> **ABOUT THIS EXERCISE**: Set down, exactly as written, the lines from the line holding "Ener ic Scale" to the end of the data, inclusive, skipping any pictures.

> **DATA BLOCK**:
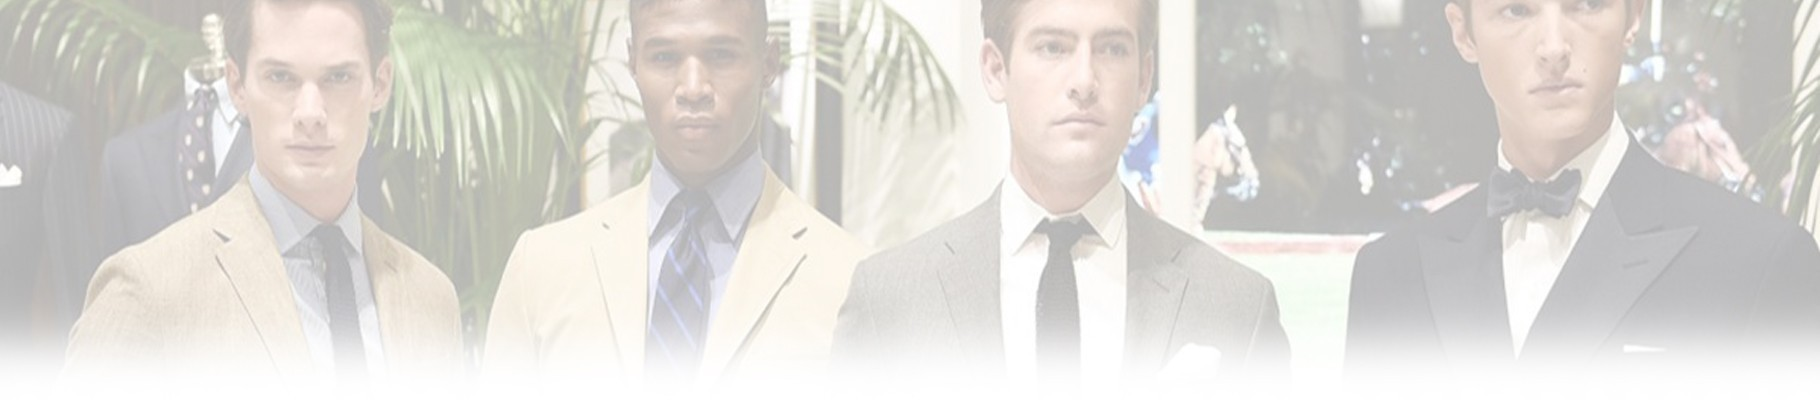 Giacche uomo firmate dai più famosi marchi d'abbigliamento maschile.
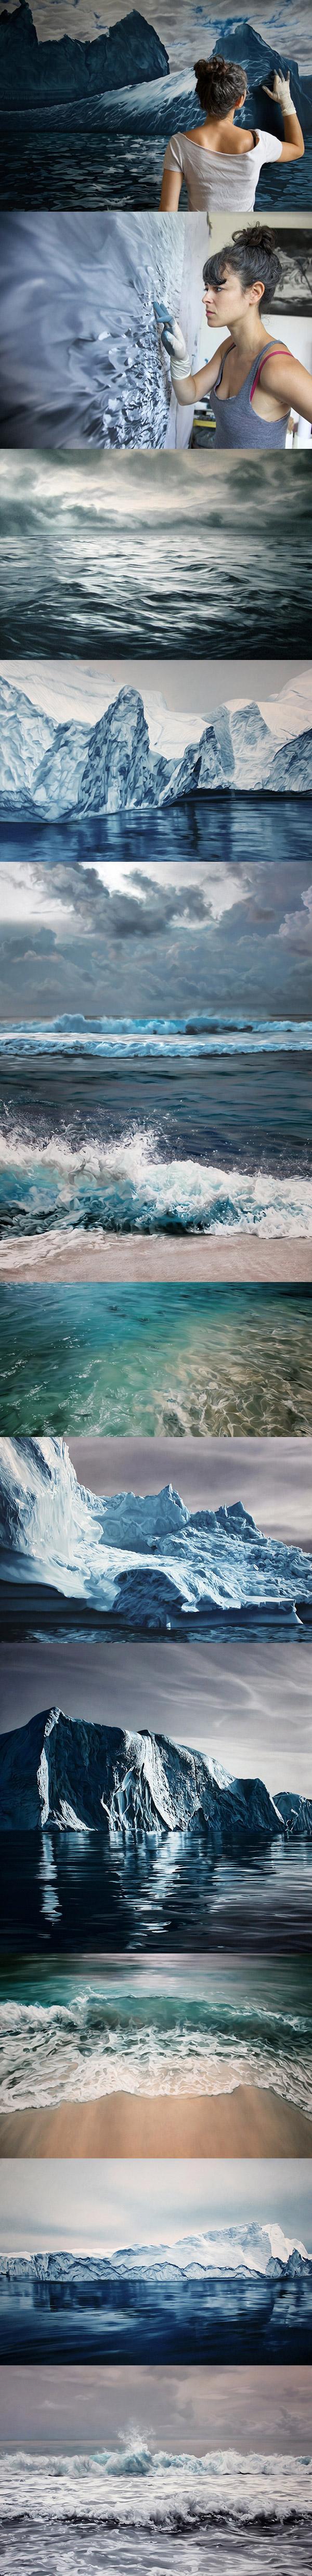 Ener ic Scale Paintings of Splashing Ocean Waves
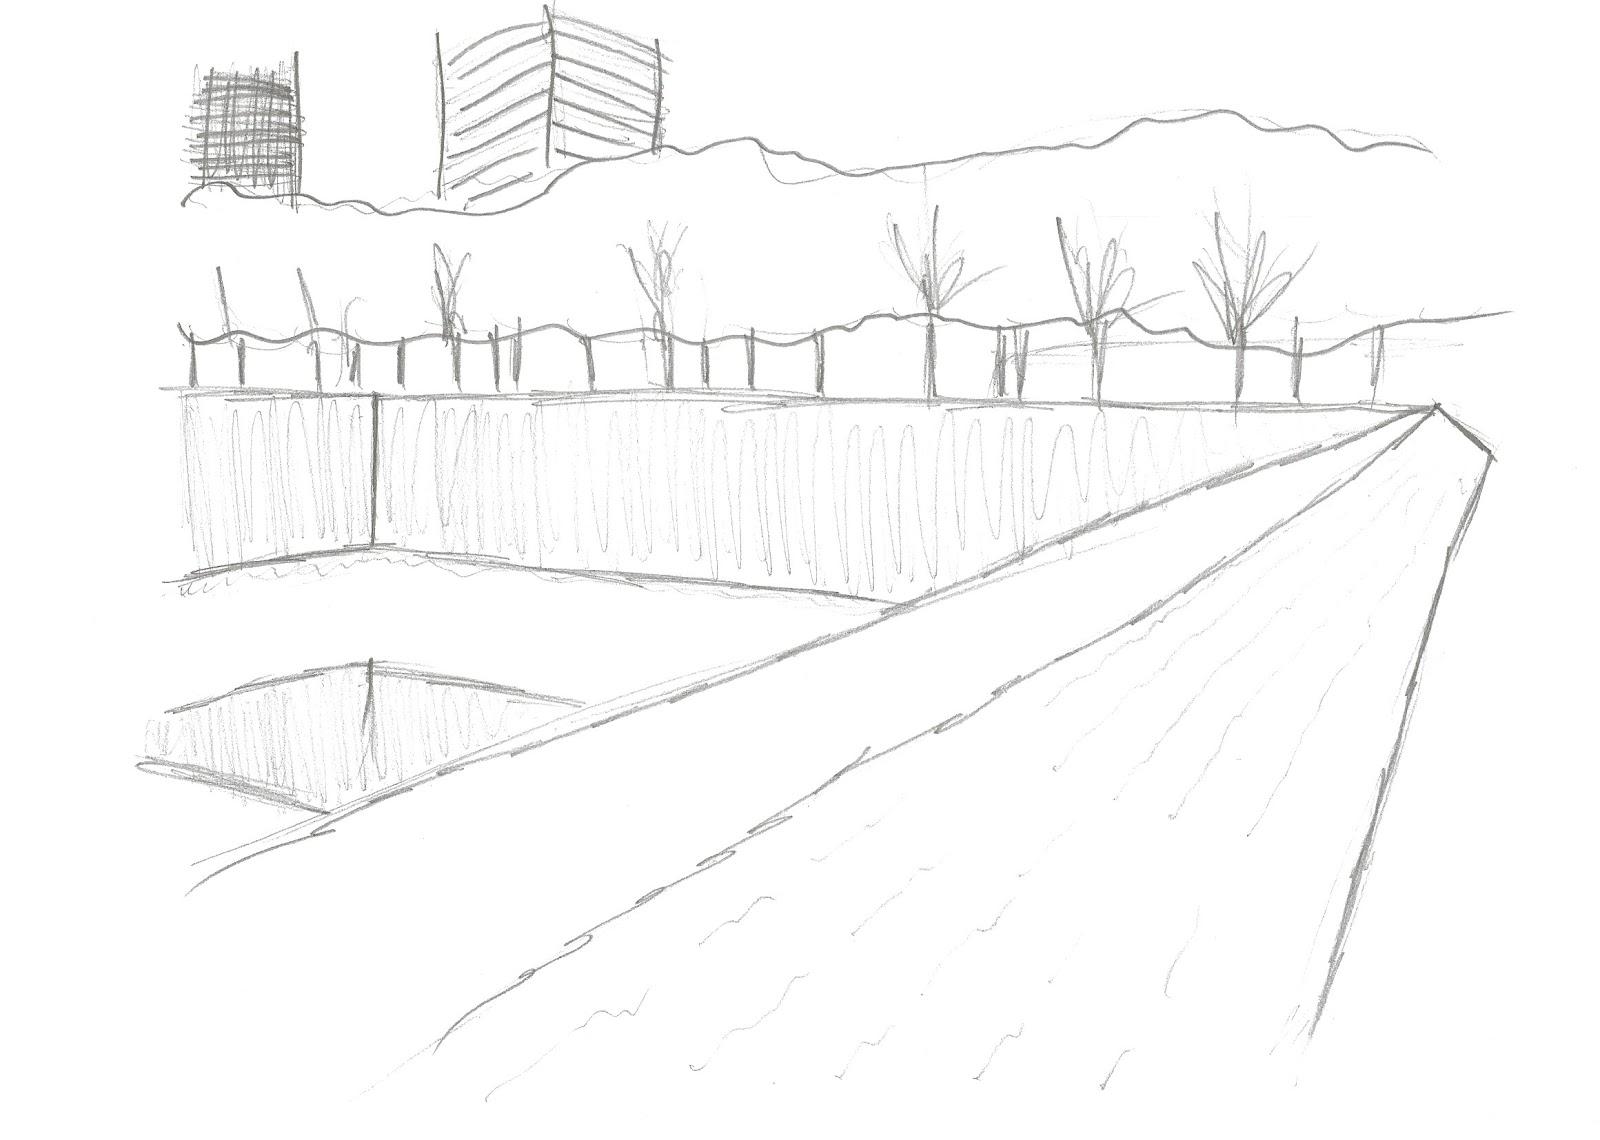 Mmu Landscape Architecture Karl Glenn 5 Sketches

> **WRITTEN RESPONSE**:
 Ener ic Scale Paintings of Splashing Ocean Waves
 Mmu Landscape Architecture Karl Glenn 5 Sketches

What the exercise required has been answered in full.